- YOUR ASSIGNMENT: None of the images should appear in your copy. Transcribe the data in full.

- SUPPLIED DATA:
◇ ◇ ◇ ◇ ◇ ◇ ◇

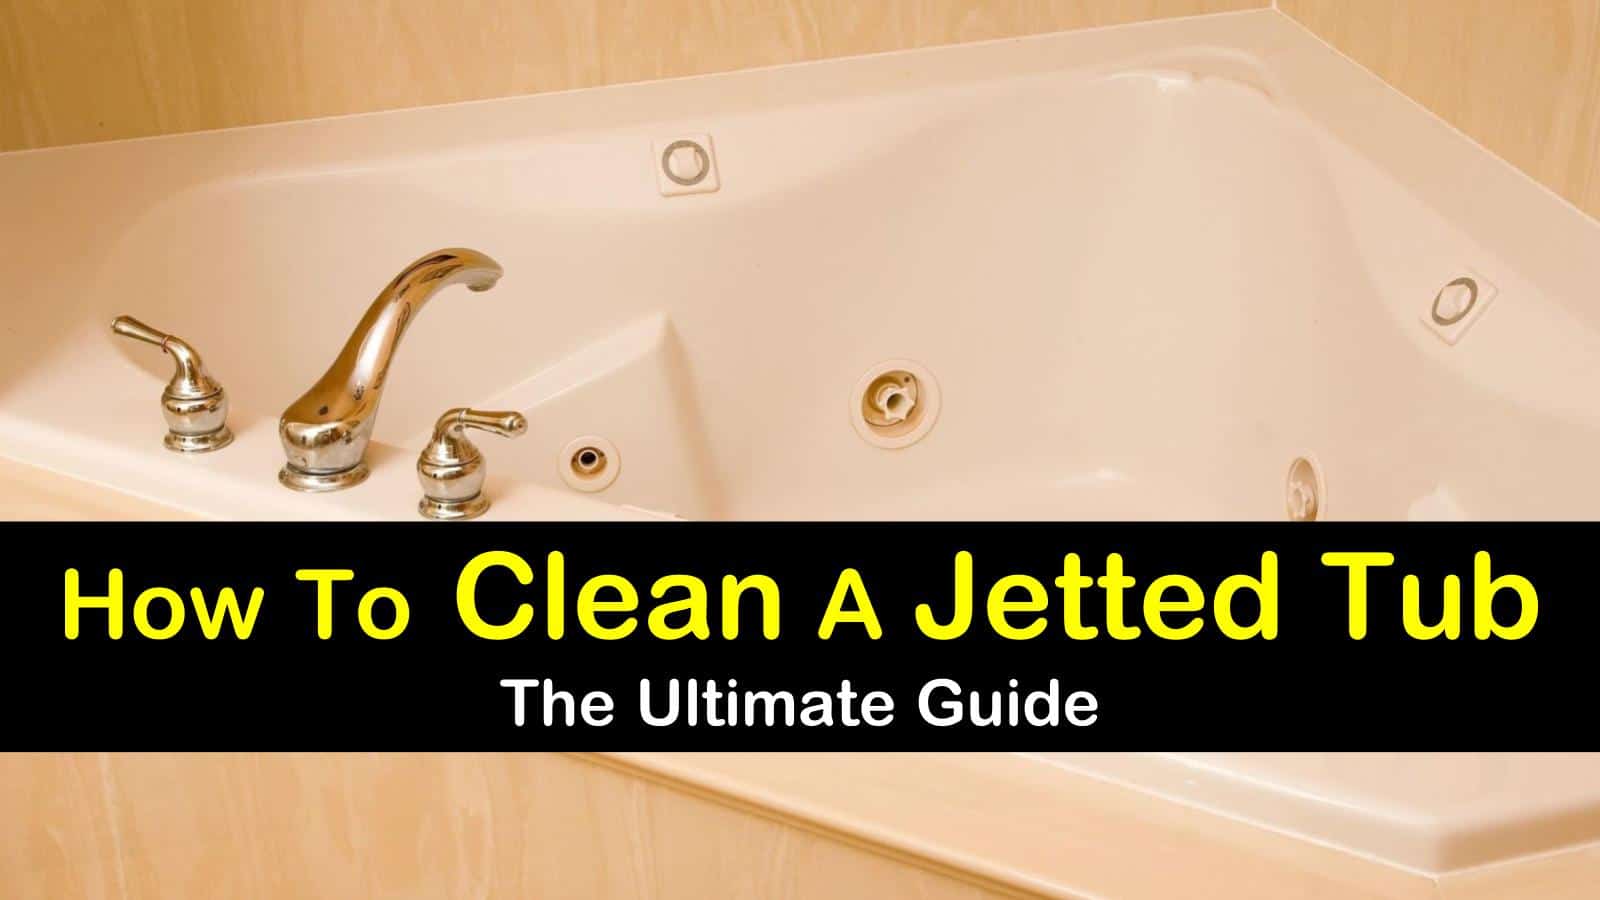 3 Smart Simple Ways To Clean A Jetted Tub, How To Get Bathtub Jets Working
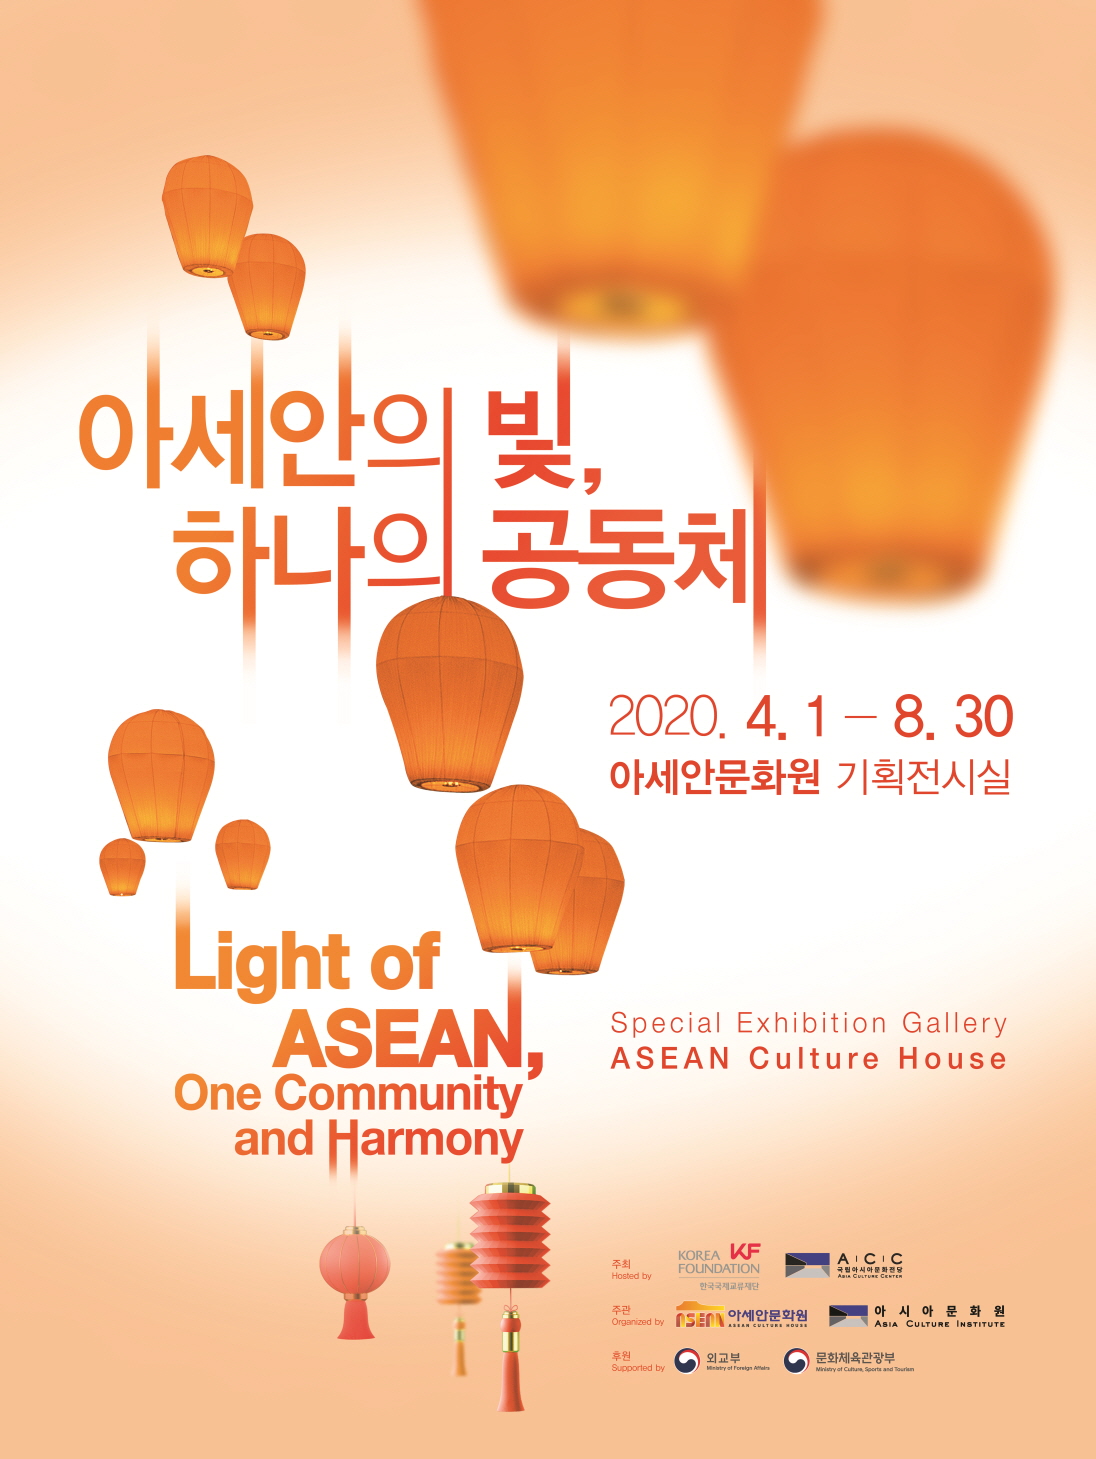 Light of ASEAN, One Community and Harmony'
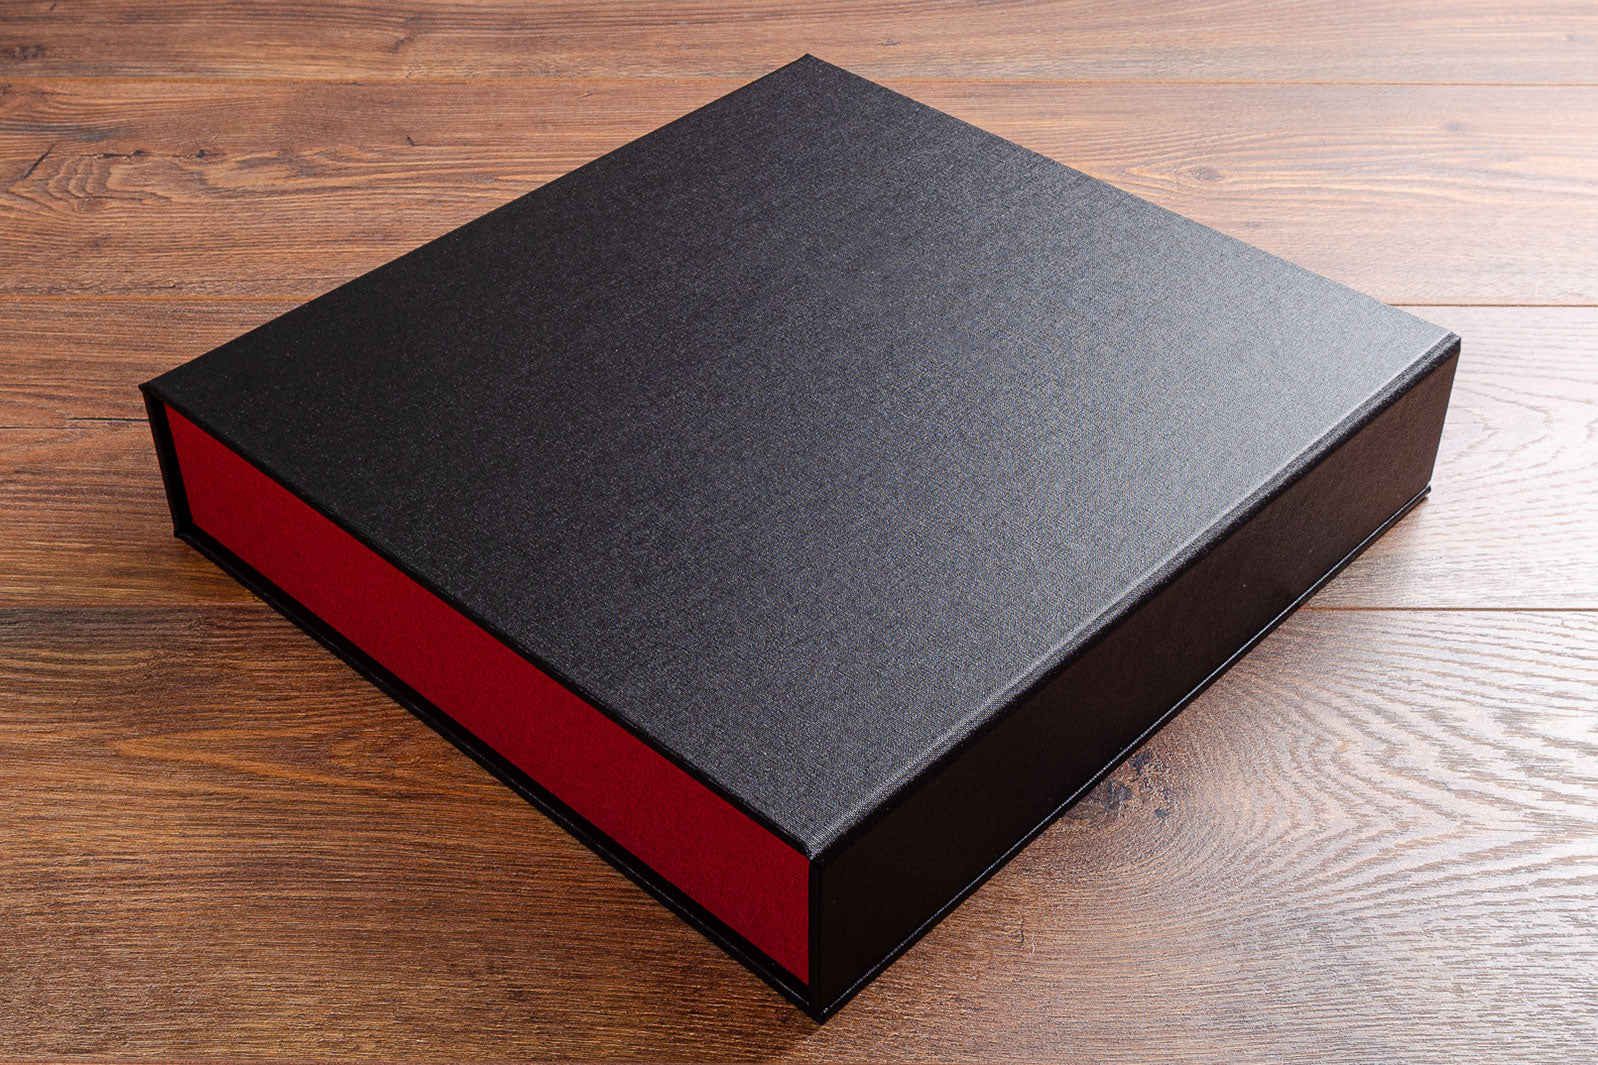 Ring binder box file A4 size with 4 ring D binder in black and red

◇ ◇ ◇ ◇ ◇ ◇ ◇

- RESULT OF THE TASK:
 3 Smart Simple Ways To Clean A Jetted Tub, How To Get Bathtub Jets Working
 Light of ASEAN, One Community and Harmony'
 Ring binder box file A4 size with 4 ring D binder in black and red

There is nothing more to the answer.